Wednesday, April 1, 2020

Rezim Fasis China Harus Menghentikan Penindasan Sistematis Terhadap Muslim Uighur!


Aminudin Syuhadak (LANSKAP)

Rezim China Beserta semua kekuatan ekonominya yang disombongkan, penggertakannya dan pencaplokan tanah dan ambisi perebutan laut dengan beberapa negara di wilayah regionalnya, serta kefanatikan nasionalismenya yang membahana di dalam negeri, faktanya pemerintah totaliter Cina masih harus menghancurkan orang-orang yang ditaklukkan paksa dari Turkmenistan Timur.

China terbukti mendiskriminasi hingga menindas kaum muslimin di Xinjiang yang tak berdosa, baik dari kalangan laki - laki, wanita, anak-anak dan bahkan dari kalangan orang tua, tidak ada yang luput dari kezaliman rezim fasis tersebut.

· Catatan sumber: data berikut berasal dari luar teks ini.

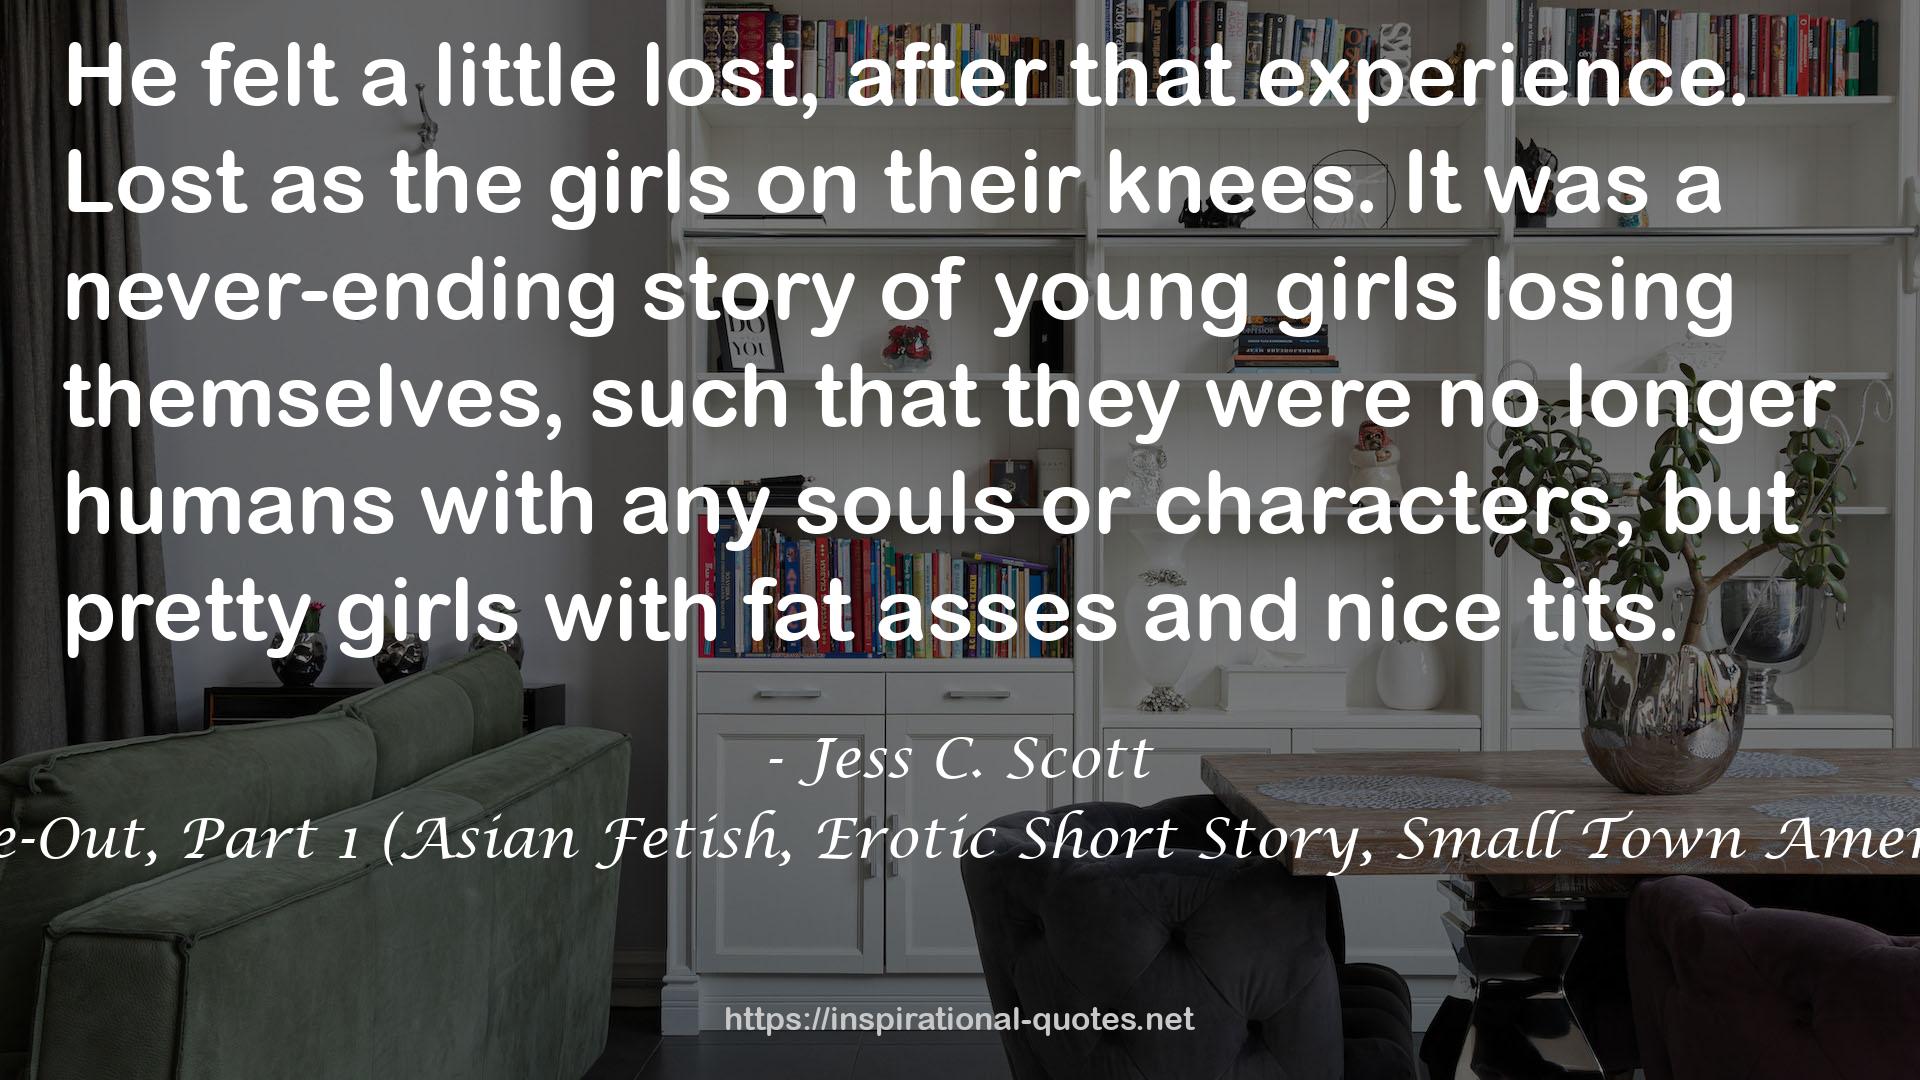 Take-Out, Part 1 (Asian Fetish, Erotic Short Story, Small Town America) QUOTES
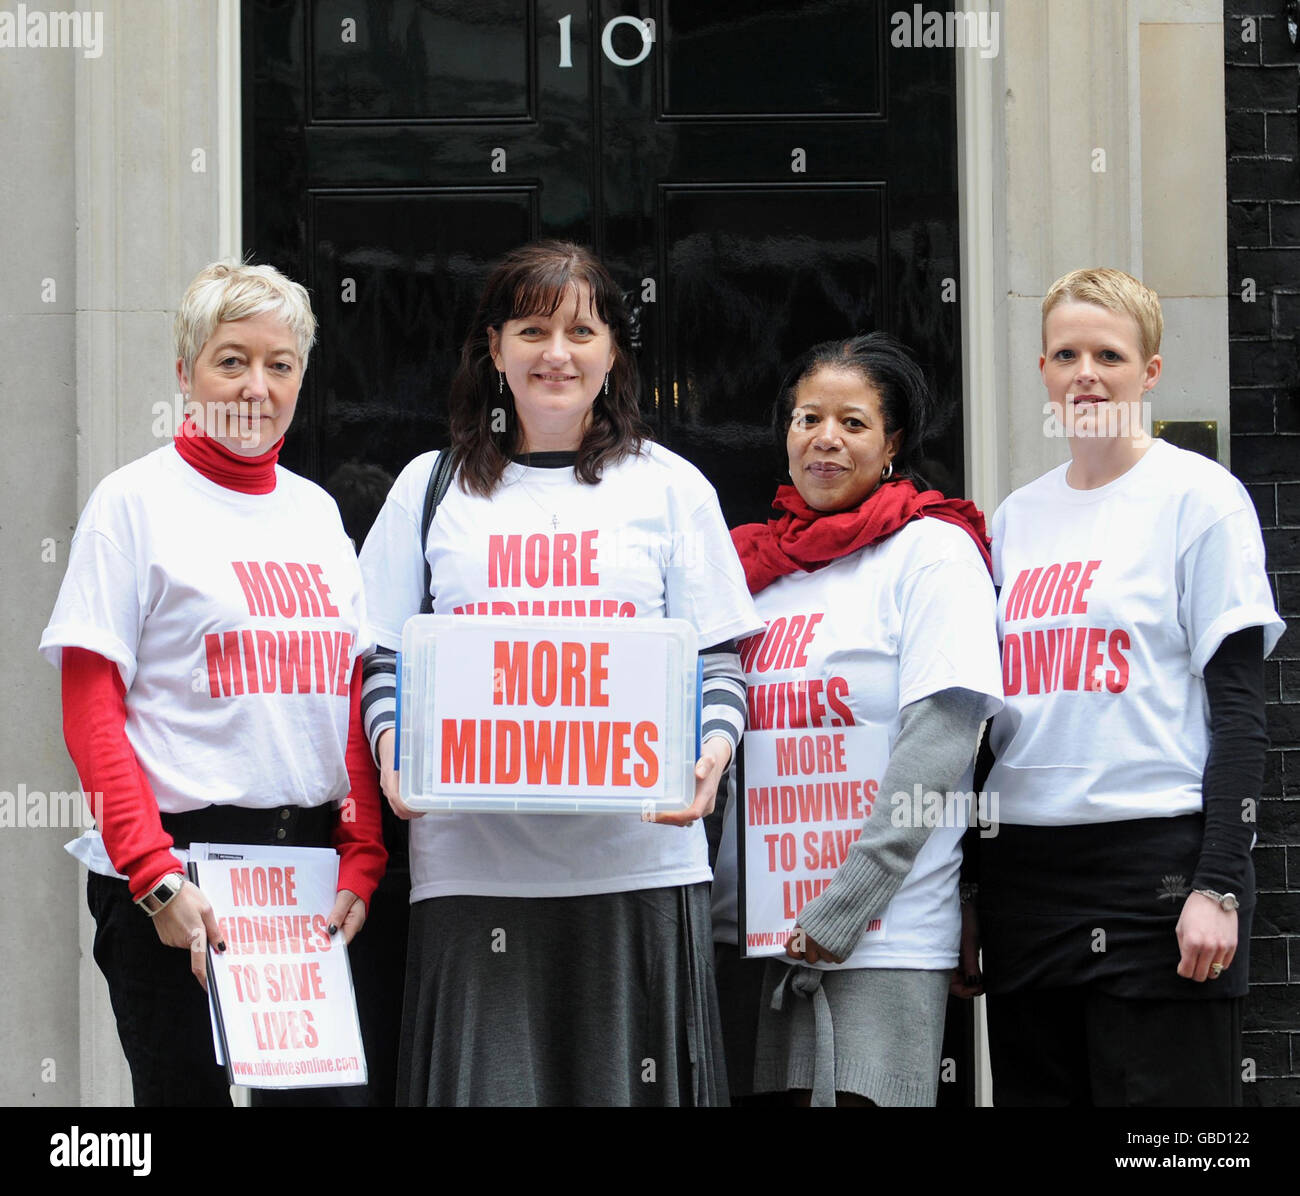 (left to right) Midwives Catherine Parker-Littler, Dr Mary Steen, Diane Jones and mother Laura Miller deliver a petition, which is signed by 30,000 midwives, health professionals and parents, to Downing Street. The petition calls for an additional 10,000 midwives to be trained. It also wants every mother to have access to a qualified midwife throughout labour and a named midwife during pregnancy, birth and the postnatal period. Stock Photo

Satu-satunya 'kejahatan kaum muslimin' versi rezim fasis tersebut adalah karena mereka menyembah Allah Subhanahu wa Ta'ala, dan menjadikan Islam sebagai pedoman hidup. Jika memang gaya hidup komunis mereka 'dengan karakteristik Cina' begitu superior dan kokoh sebagaimana klaim mereka, mengapa mereka mencekik kaum Muslim di Turkmenistan Timur?

Apa yang terjadi di Turkmenistan Timur bersaing dengan Stalin, Hitler bahkan Assad. Bahkan rezim China tampaknya telah bersaing dengan penyiksaan tahanan muslim dari Abu Ghraib, Guantanamo dan buku pegangan CIA tentang teknik penyiksaan tahanan. Daripada menggunakan teknik pemerkosaan wanita Muslim seperti selama perang Bosnia, China menggantinya dengan 'pernikahan' para wanita Muslim Uighur dengan para laki-laki China Han. (aljazeera.com)

China telah melanggar hak - hak asasi masyarakat muslim Uighur selama bertahun-tahun dalam memperlakukan mereka, di mana banyak kaum muslimin telah dieksekusi di luar kerangka hukum, dan beberapa lainnya dieksekusi melalui operasi rahasia oleh pasukan keamanan Cina. Kebijakan represif Cina terhadap bangsa Uighur khususnya, melalui pencabutan hak untuk menyampaikan pendapat mereka secara damai, memiliki konsekuensi bencana.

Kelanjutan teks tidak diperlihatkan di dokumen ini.